DATA PROVIDED:

┌──

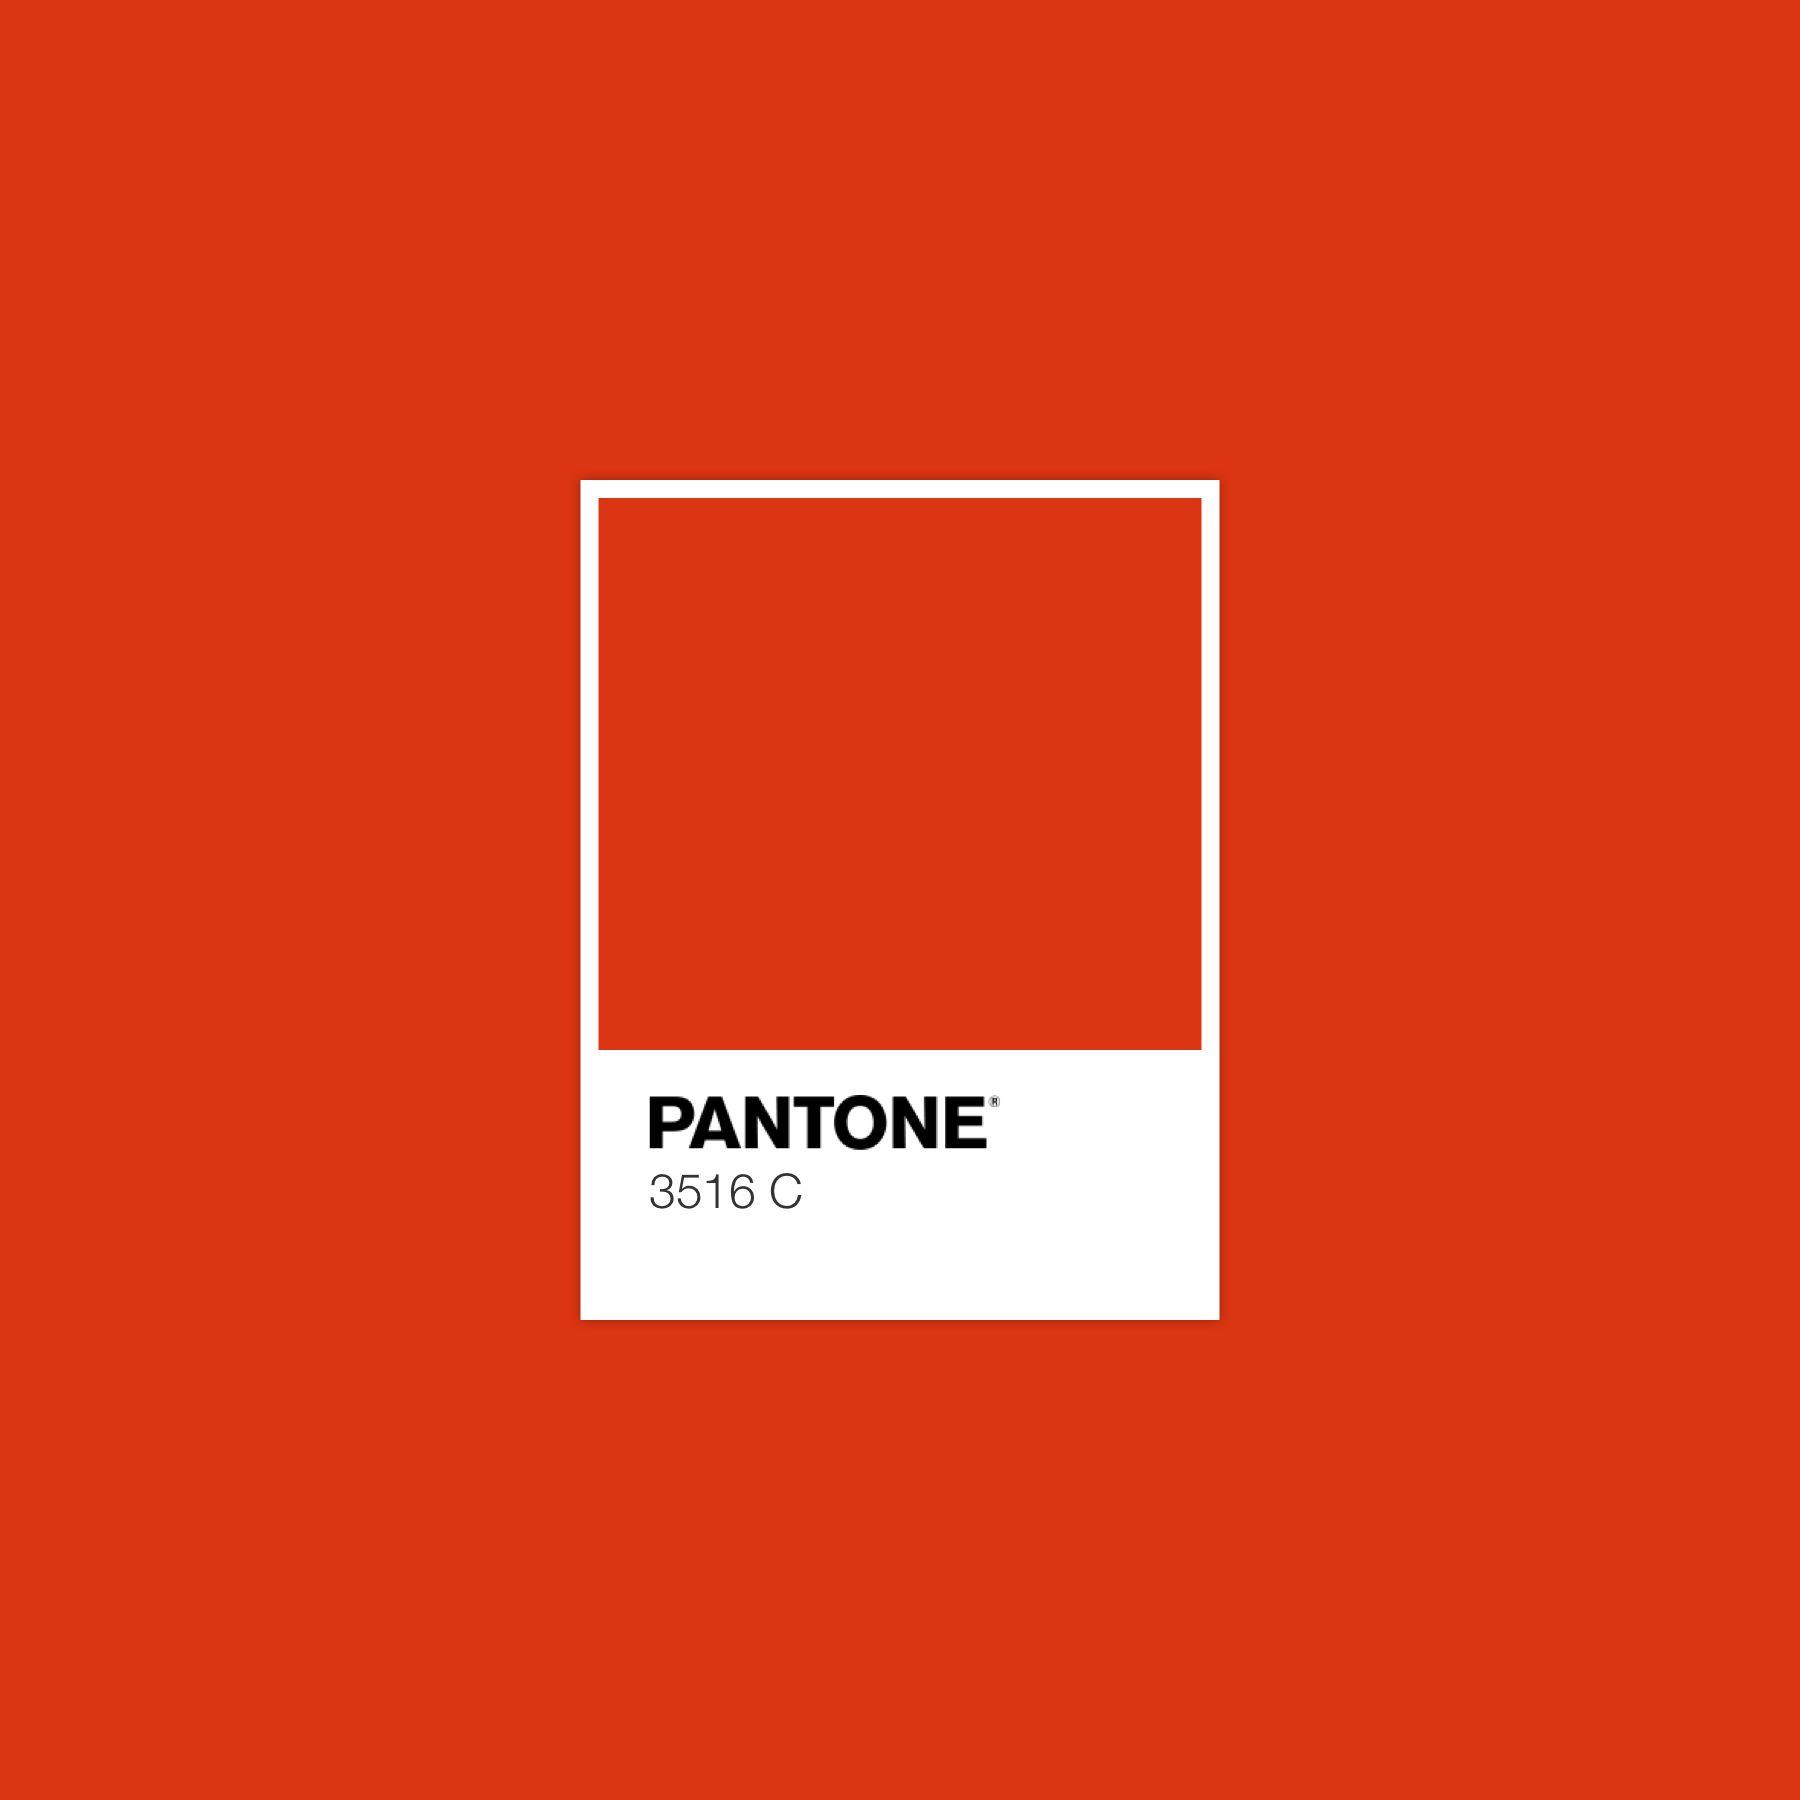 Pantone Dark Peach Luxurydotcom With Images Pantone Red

└──
┌──

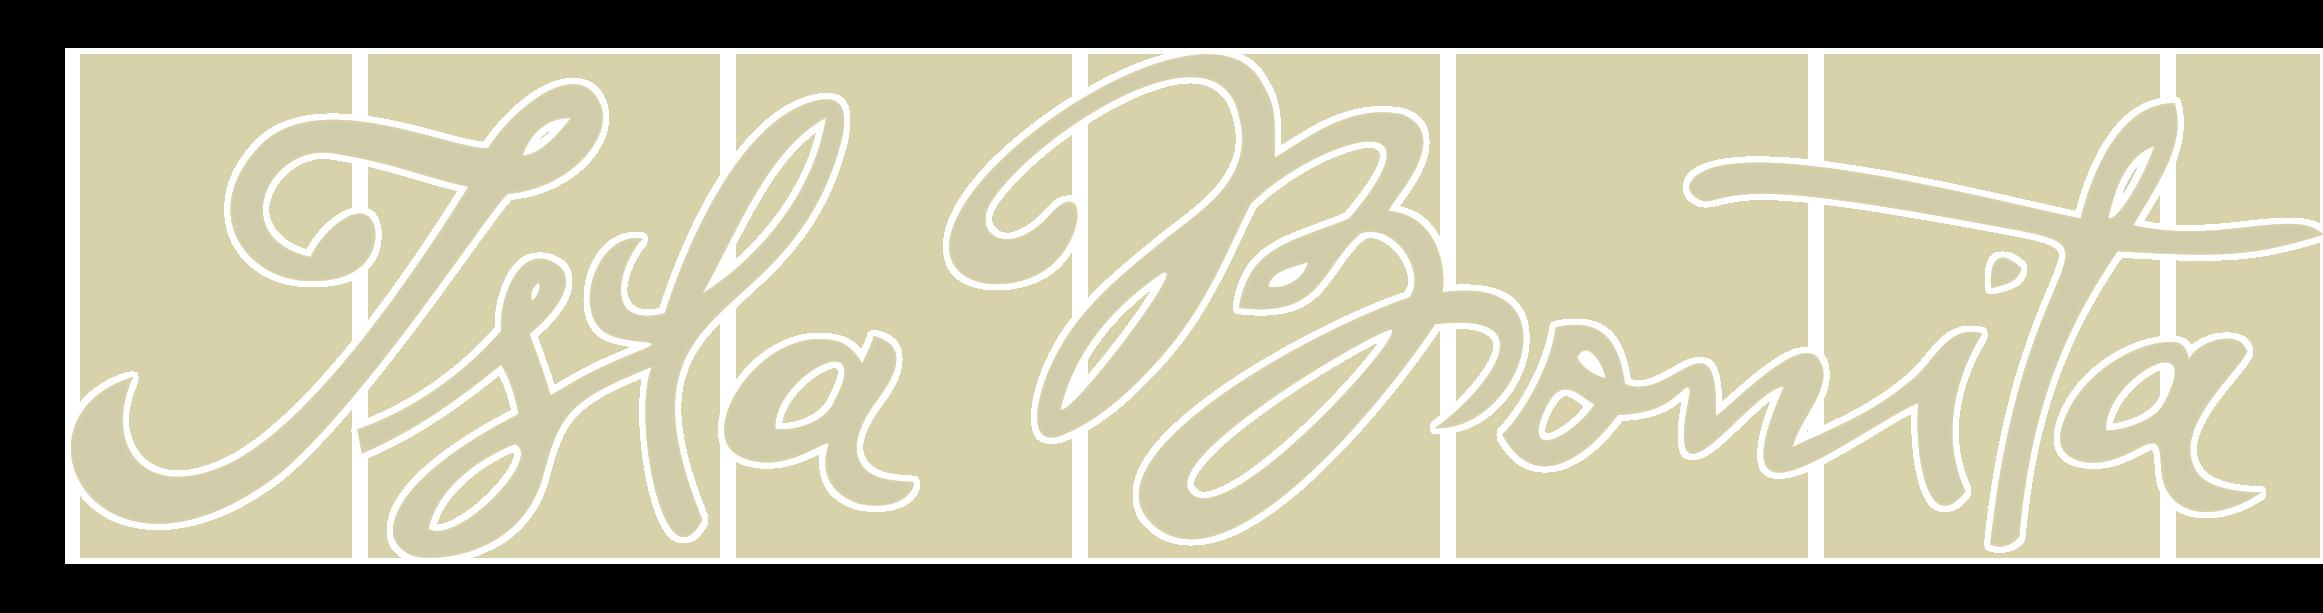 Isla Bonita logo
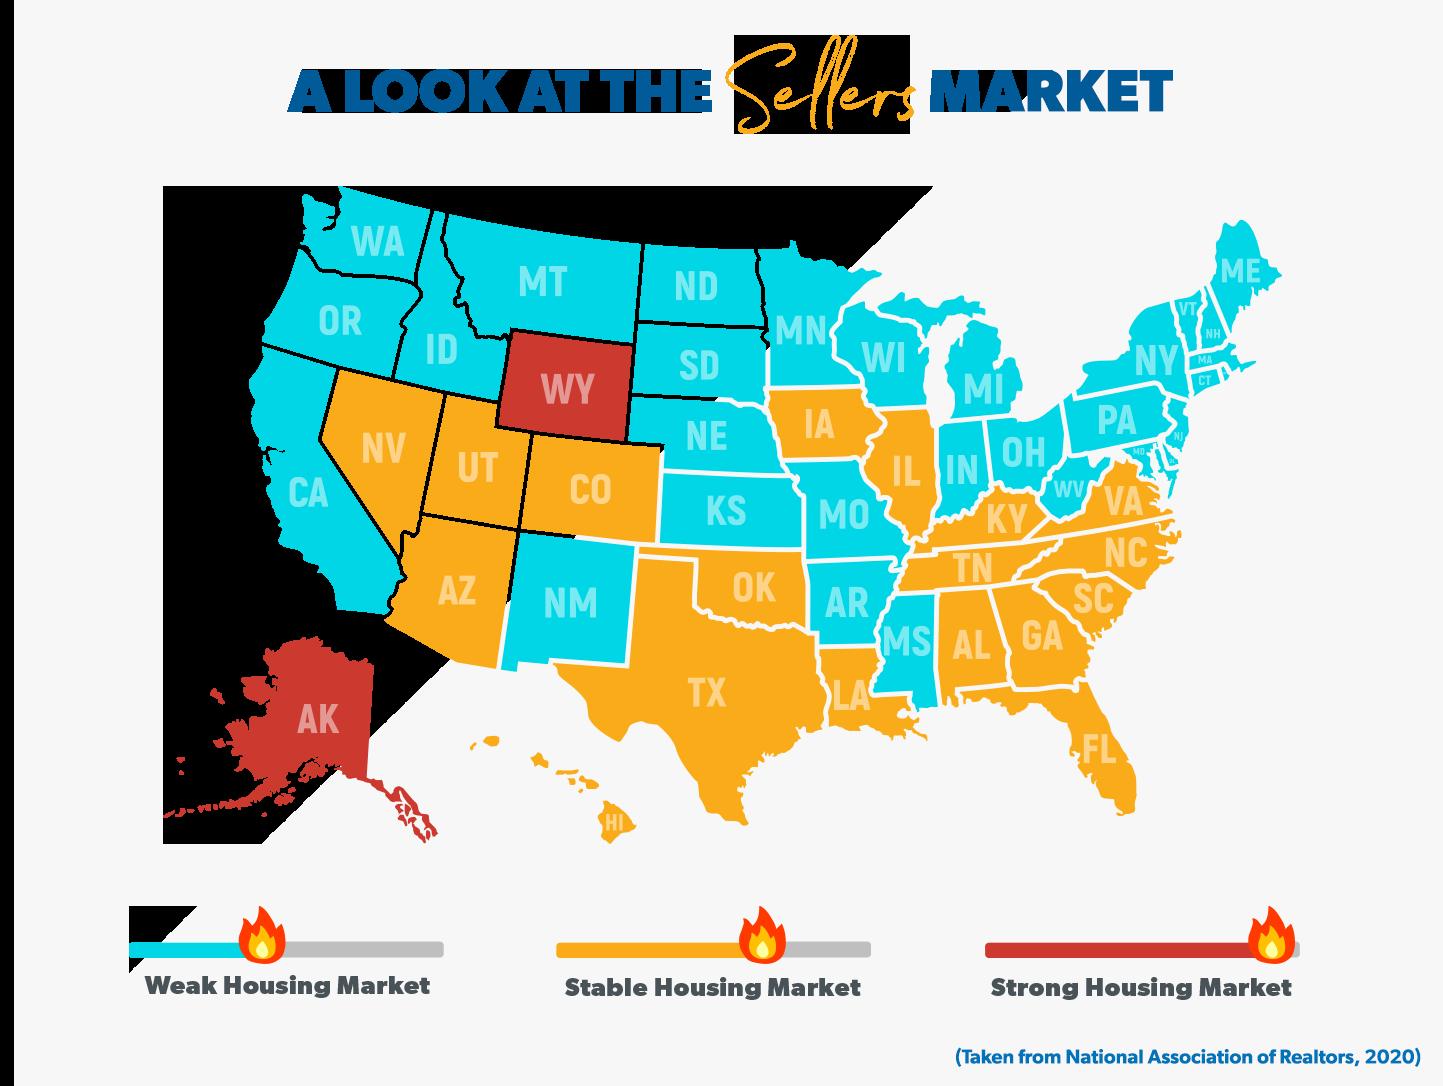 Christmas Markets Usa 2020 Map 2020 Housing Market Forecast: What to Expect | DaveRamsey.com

└──

TASK REQUIREMENTS: Copy the listing above exactly, but only from the line with "Isla Bonita logo" through the line with "Christmas Markets Usa", including those two lines and excluding any picture.

RESULT OF THE TASK:
 Isla Bonita logo
 Christmas Markets Usa 2020 Map 2020 Housing Market Forecast: What to Expect | DaveRamsey.com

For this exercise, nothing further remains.